Se tudo isso não fosse verdade, não estaríamos aqui. Ou podemos ficar
totalmente perplexos pela sorte inacreditável que levou à nossa existência
[10].
***
[1] Alguns cientistas costumam dar nomes curiosos para esse fato: sintonia
fina, coincidência cósmica, acaso fortuito, etc. É sempre mais simples
“inventar” algum rótulo para evitar pensar sobre o assunto dentro da
ciência.
[2] Princípios de ação e reação, criação e destruição, existem desde as
partículas mais fundamentais do universo. Hermes Trimegisto seria hoje um
grande entusiasta da física de partículas...
[3] As condições necessárias para se produzir carbono são tão “especiais”
que o astrofísico Fred Hoyle chegou a especular, em um artigo intitulado “O
universo: reflexões passadas e presentes”, que “um superintelecto está
brincando com as leis da física”. Não é muito diferente da idéia básica dos
deístas e panteístas.
[4] Apenas a título de curiosidade: as chances de você ganhar na megasena ou ser atingido por um raio são incomparavelmente superiores às
chances de um universo assim ter surgido “por acaso”. Na verdade,
poderia-se até dizer que isso seria impossível; ou para ficar no campo do
bom humor, que seria mais fácil alguém ser atingido por um raio todos os
dias, precisamente ao meio-dia, enquanto vivesse.
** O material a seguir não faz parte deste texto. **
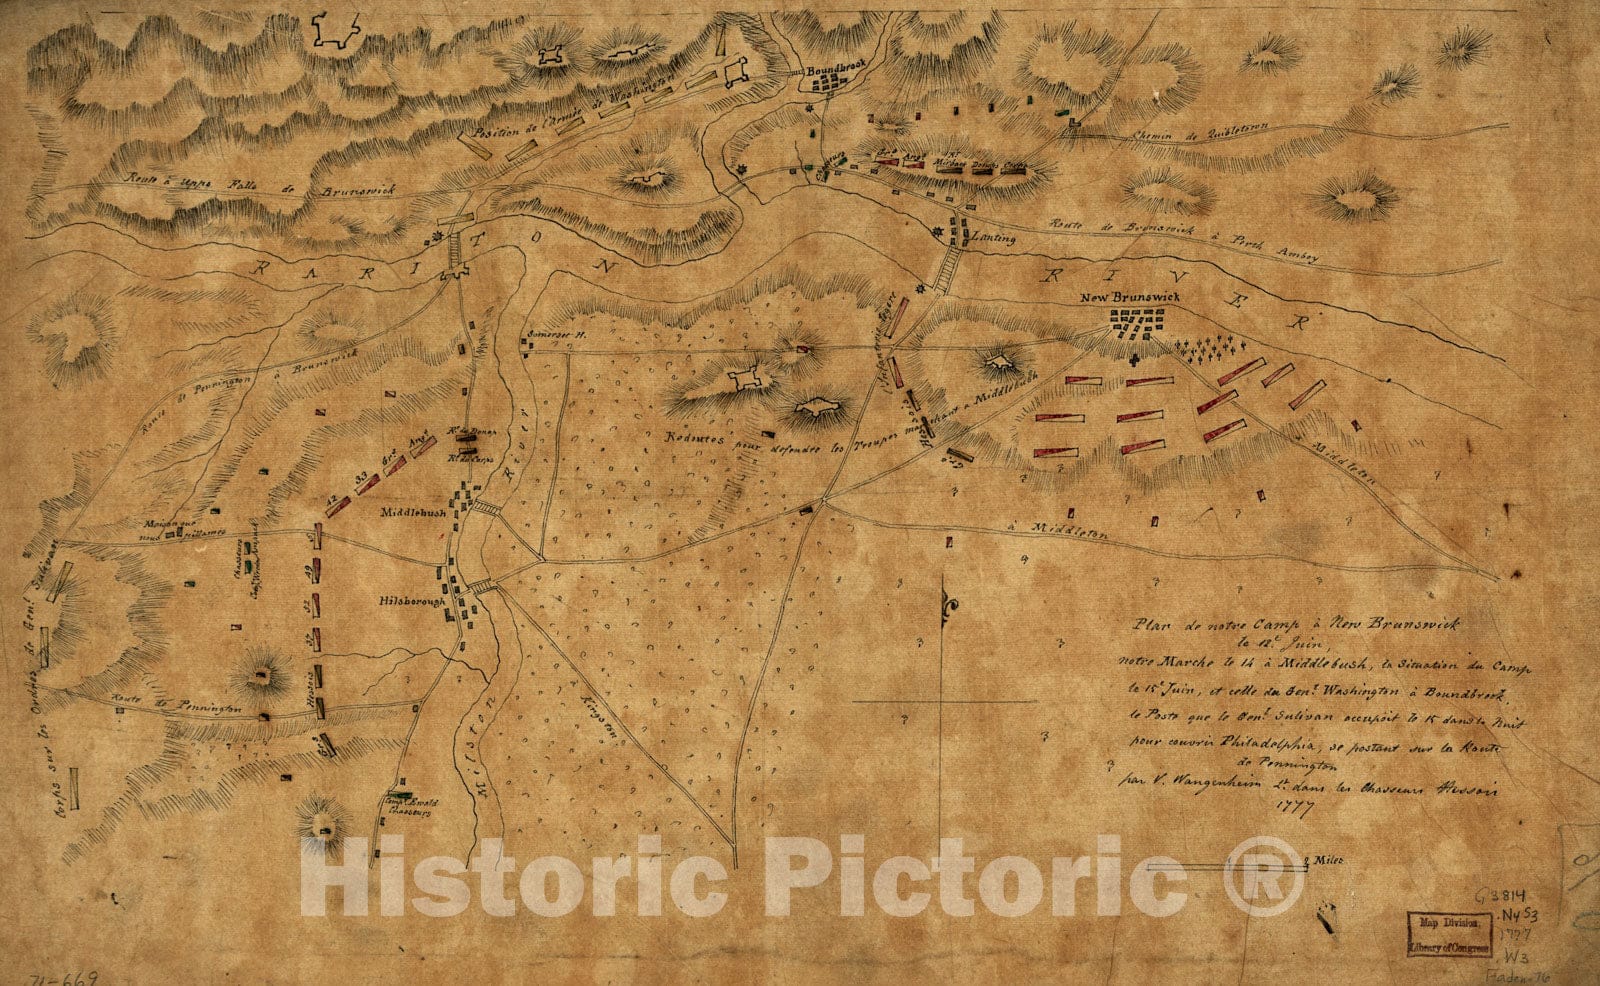 Historical Map, 1777 Plan de Notre Camp a New Brunswick le 12e. juin : Notre Marche le 14 a Middlebush, la Situation du Camp le 15e juin, et cette du Genl. Washington, Vintage Wall Art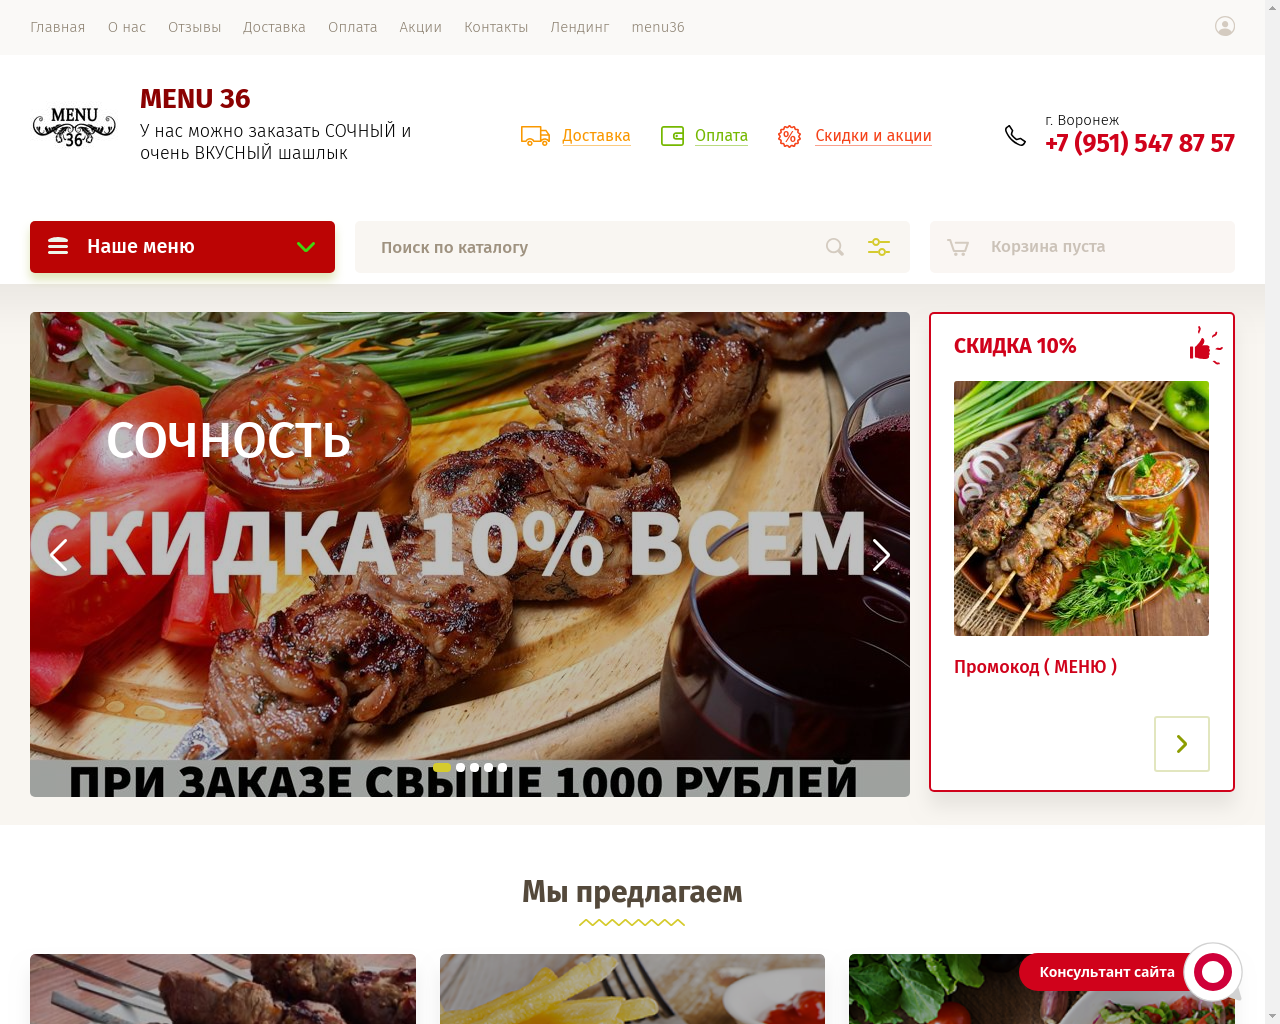 Изображение сайта menu36.ru в разрешении 1280x1024

[5] Quando aproximamos um pequeno ima de geladeira de um clipe de
papel, e ele se desloca em direção ao ima, estamos presenciando a força
eletromagnética de um pedaço de ima vencer toda a força gravitacional da
Terra. A gravidade é realmente fraca. No entanto, segundo a Teoria M, ela
seria uma força atuante em várias dimensões – inclusive dimensões ainda
não detectáveis pela tecnologia atual –, e isso explicaria o fato de ser tão
fraca “em nossa dimensão”.
[6] Vide a nota #2 acima. Só que dessa vez, a lógica é aplicada ao macrocosmos. “O que está em cima é como o que está embaixo” – Hermes
continuaria satisfeito.
[7] Somos formados pela matéria que preenche cerca de 4% da matéria e
energia do Cosmos. O resto (96%) não interage com a luz, e até hoje não
foi detectado diretamente em laboratório.
[8] O big crunch seria o inverso do big bang, ou mais ou menos como
“retroceder” no tempo do universo, de volta ao “bang” inicial.
[9] O universo é tão grande que mesmo que nos desloquemos a velocidade
da luz em qualquer direção à partir da Terra, existirão galáxias inatingíveis,
se afastando a tanto tempo que nem a luz conseguirá vencer a distância. A
velocidade da luz delimita nosso horizonte cósmico.
[10] Ou seja, o pensamento científico moderno prefere não de “deter” com
a questão da “sintonia fina” das forças da natureza. “É assim porque é, se
não fosse não estaríamos aqui em todo caso, porque perder tempo
especulando a razão disso tudo?” – Mas nem sempre a ciência se fez com
tal racionalidade. Em seus primórdios, junto ao logos grego, buscar o
Mecanismo e o Sentido do Cosmos eram atividades irmãs, e não distintas.
Talvez a ciência moderna tenha perdido a perplexidade dos gregos perante
o infinito do Cosmos, ou talvez os cientistas estejam apenas “escondendo o
jogo”, com medo de perder certos financiamentos por conta de “idéias
heterodoxas”. Depois de conhecer gente como Sagan, Hawking, Greene e
outros tantos, a segunda opção me parece a mais provável.